What you are asked to do >>
Word for word, transcribe the listing that follows, minus any pictures.

The data >>
-- Opening Marker --

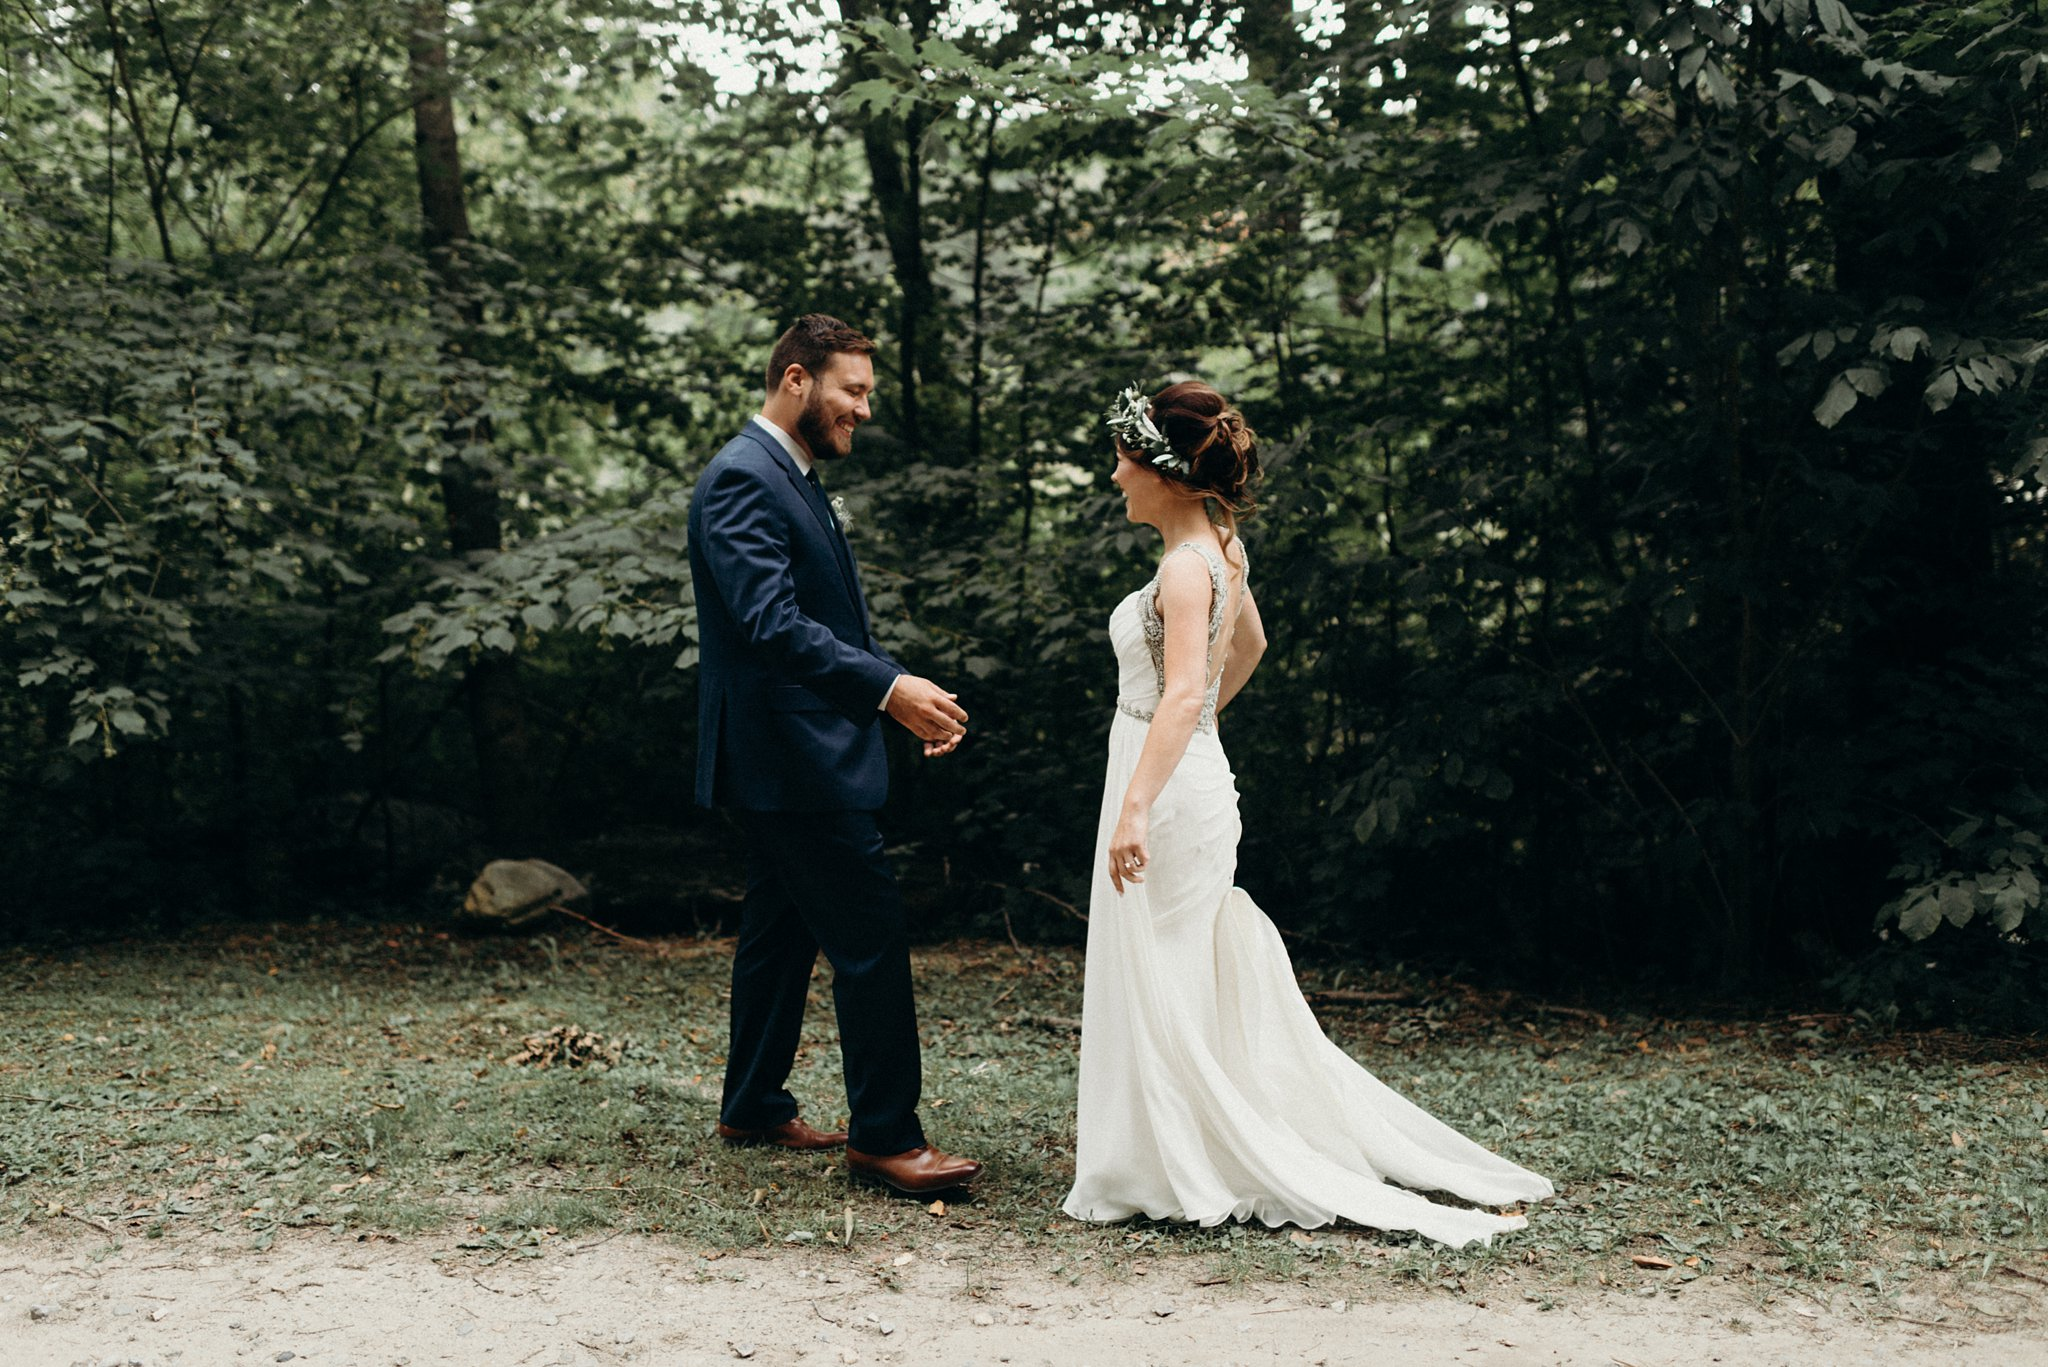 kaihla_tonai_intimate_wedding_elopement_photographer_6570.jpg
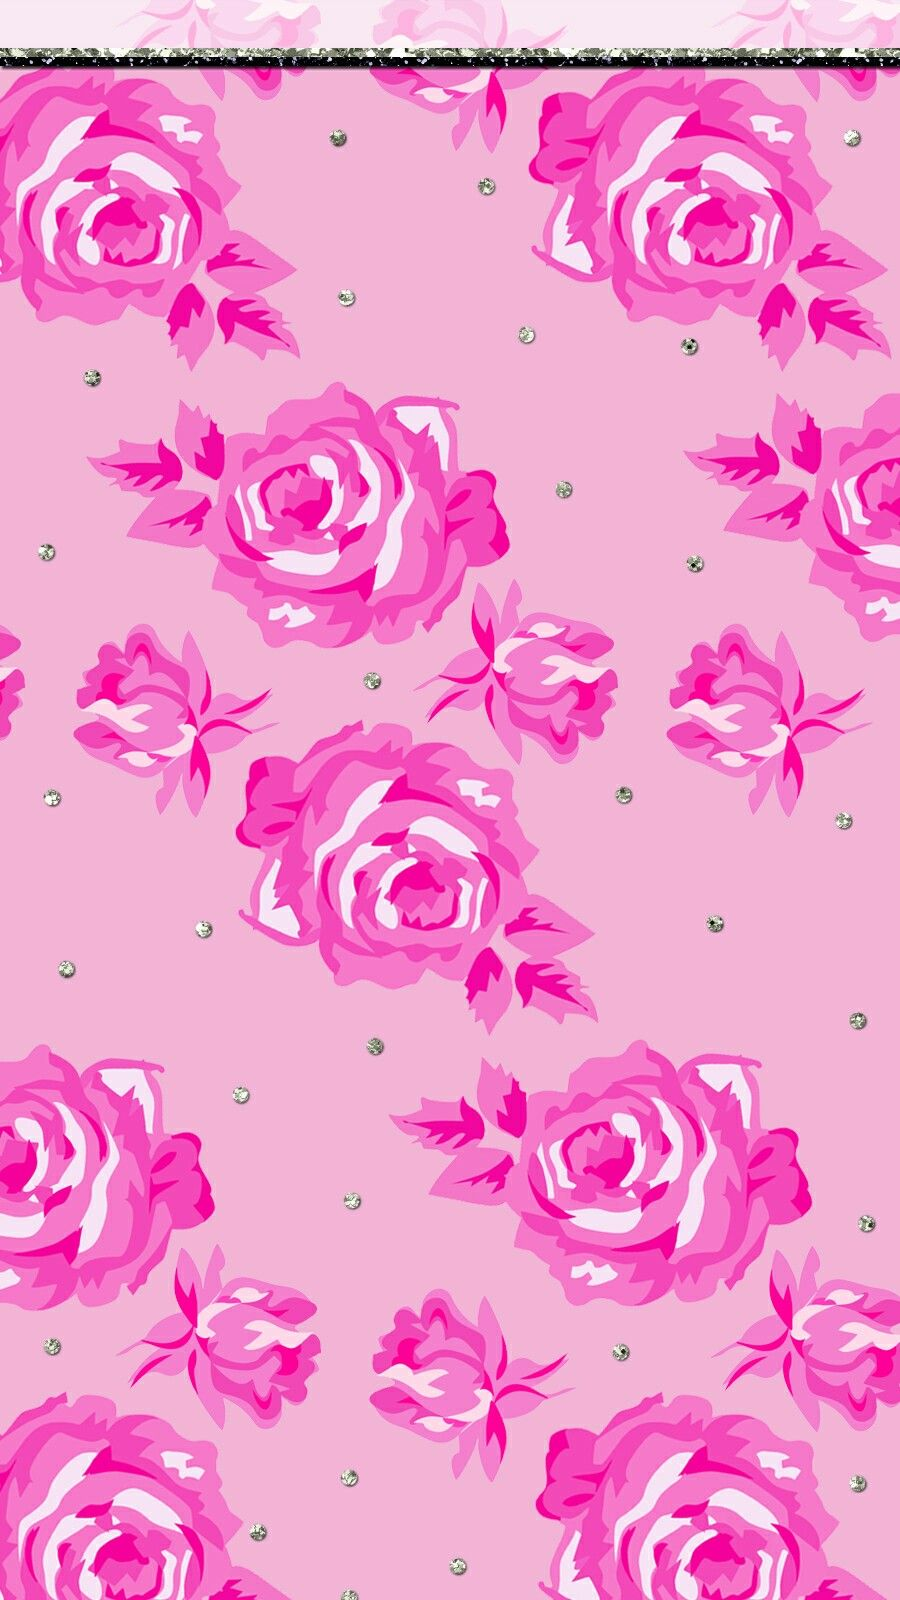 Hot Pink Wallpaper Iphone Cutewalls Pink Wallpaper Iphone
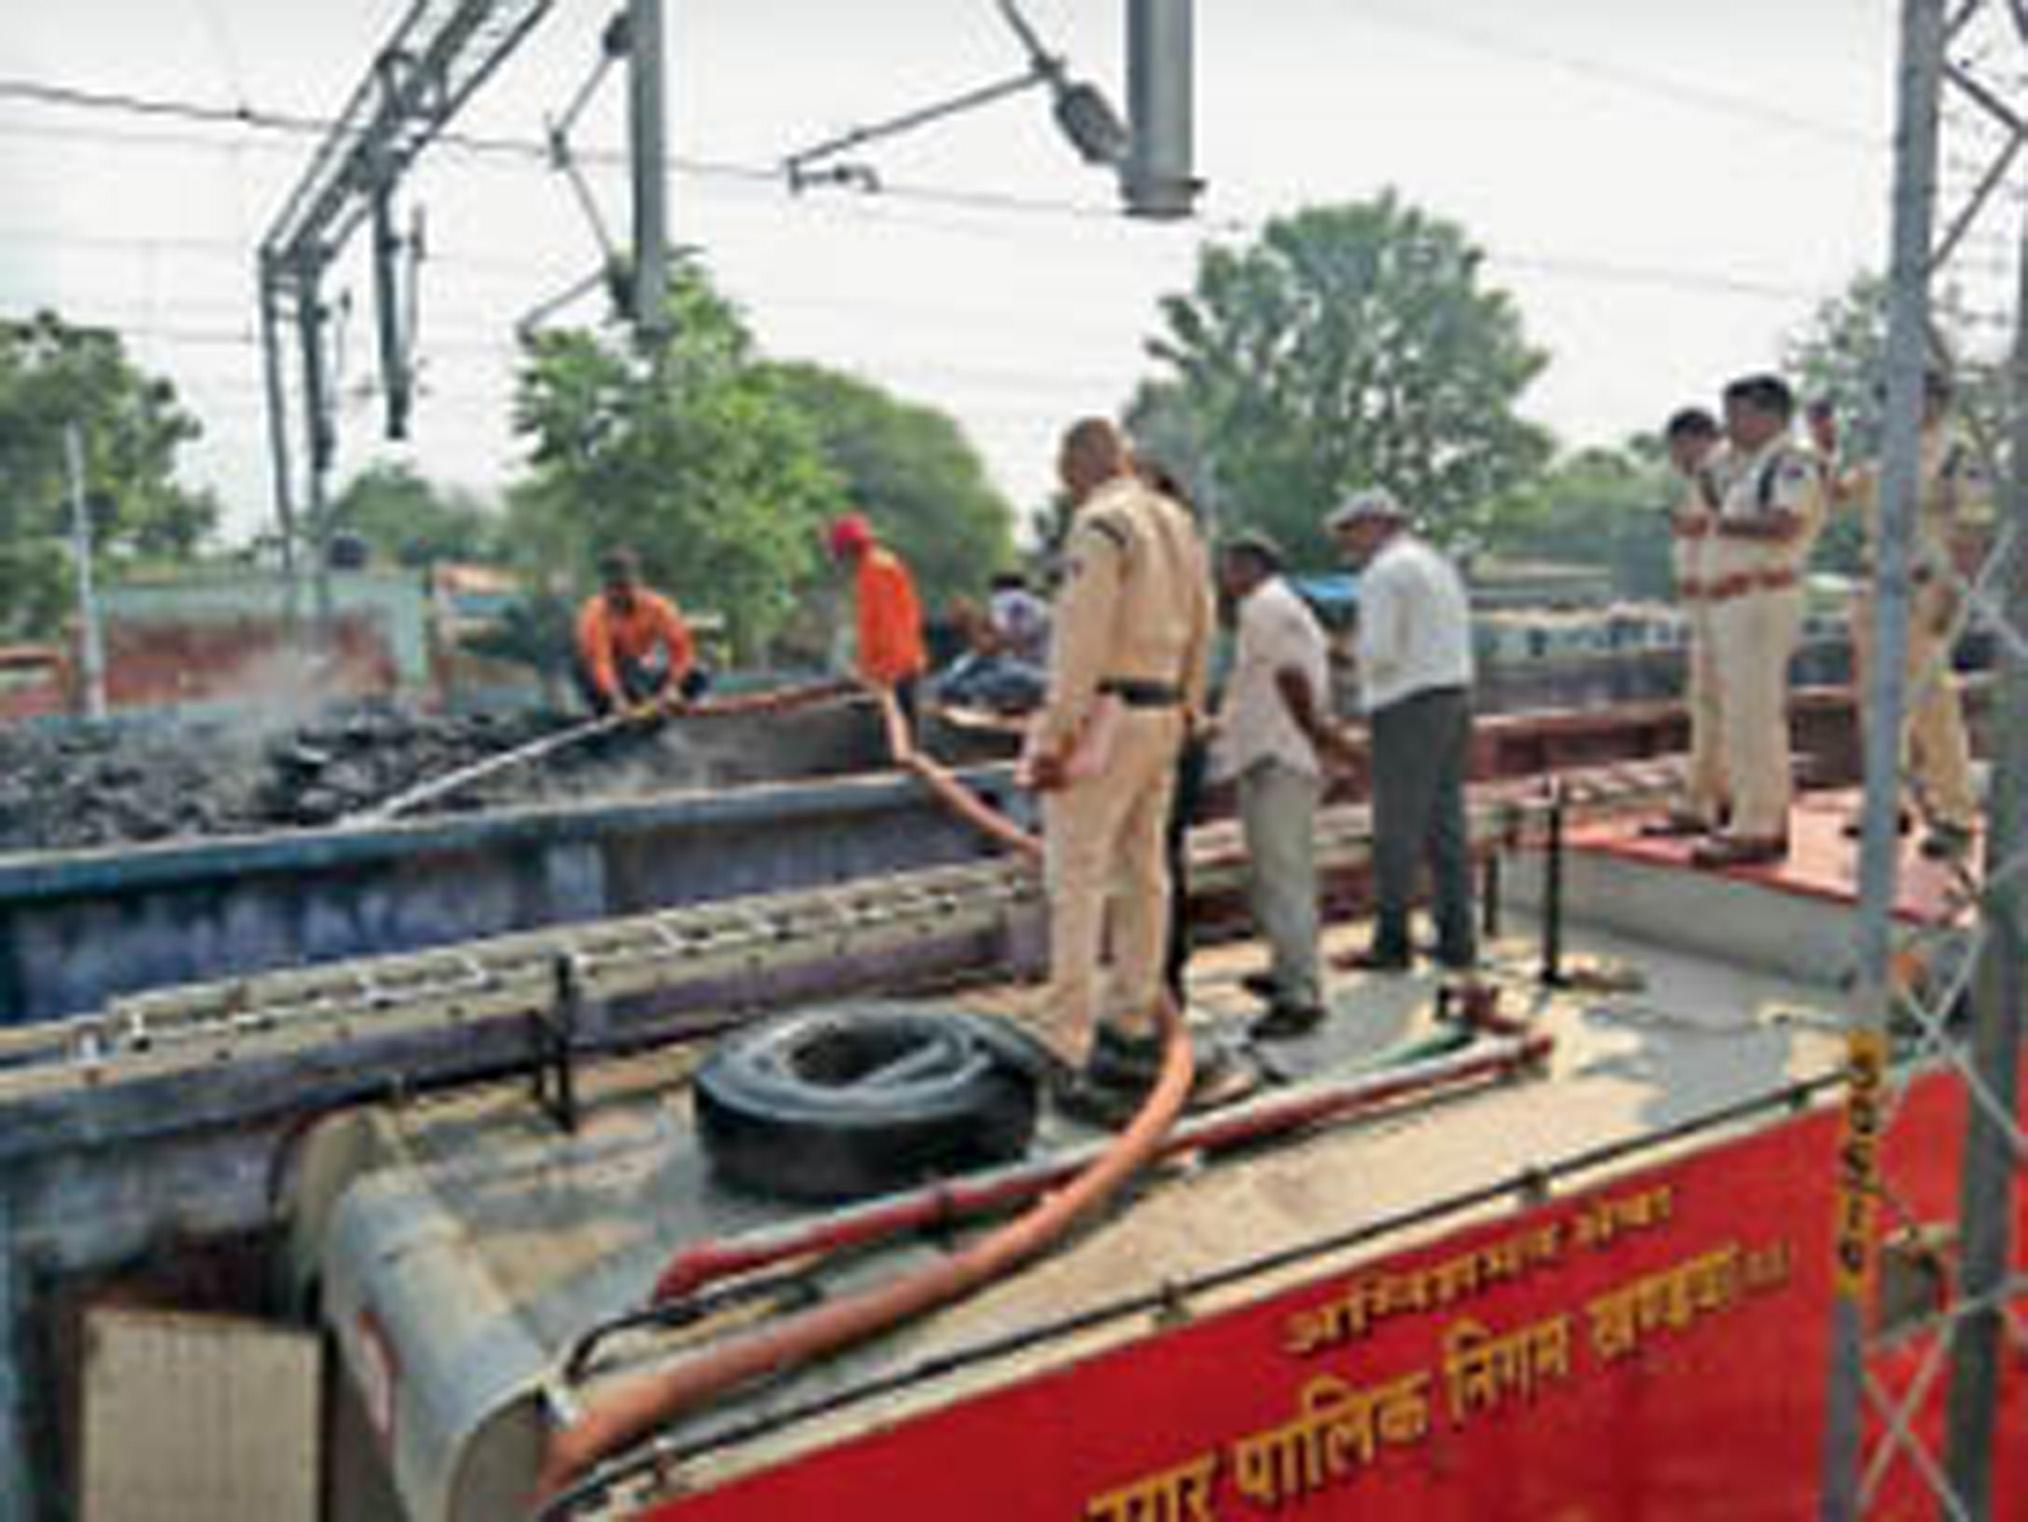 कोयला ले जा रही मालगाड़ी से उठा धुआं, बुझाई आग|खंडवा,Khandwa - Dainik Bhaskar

-- Closing Marker --

Completed task >>
 kaihla_tonai_intimate_wedding_elopement_photographer_6570.jpg
 Hot Pink Wallpaper Iphone Cutewalls Pink Wallpaper Iphone
 कोयला ले जा रही मालगाड़ी से उठा धुआं, बुझाई आग|खंडवा,Khandwa - Dainik Bhaskar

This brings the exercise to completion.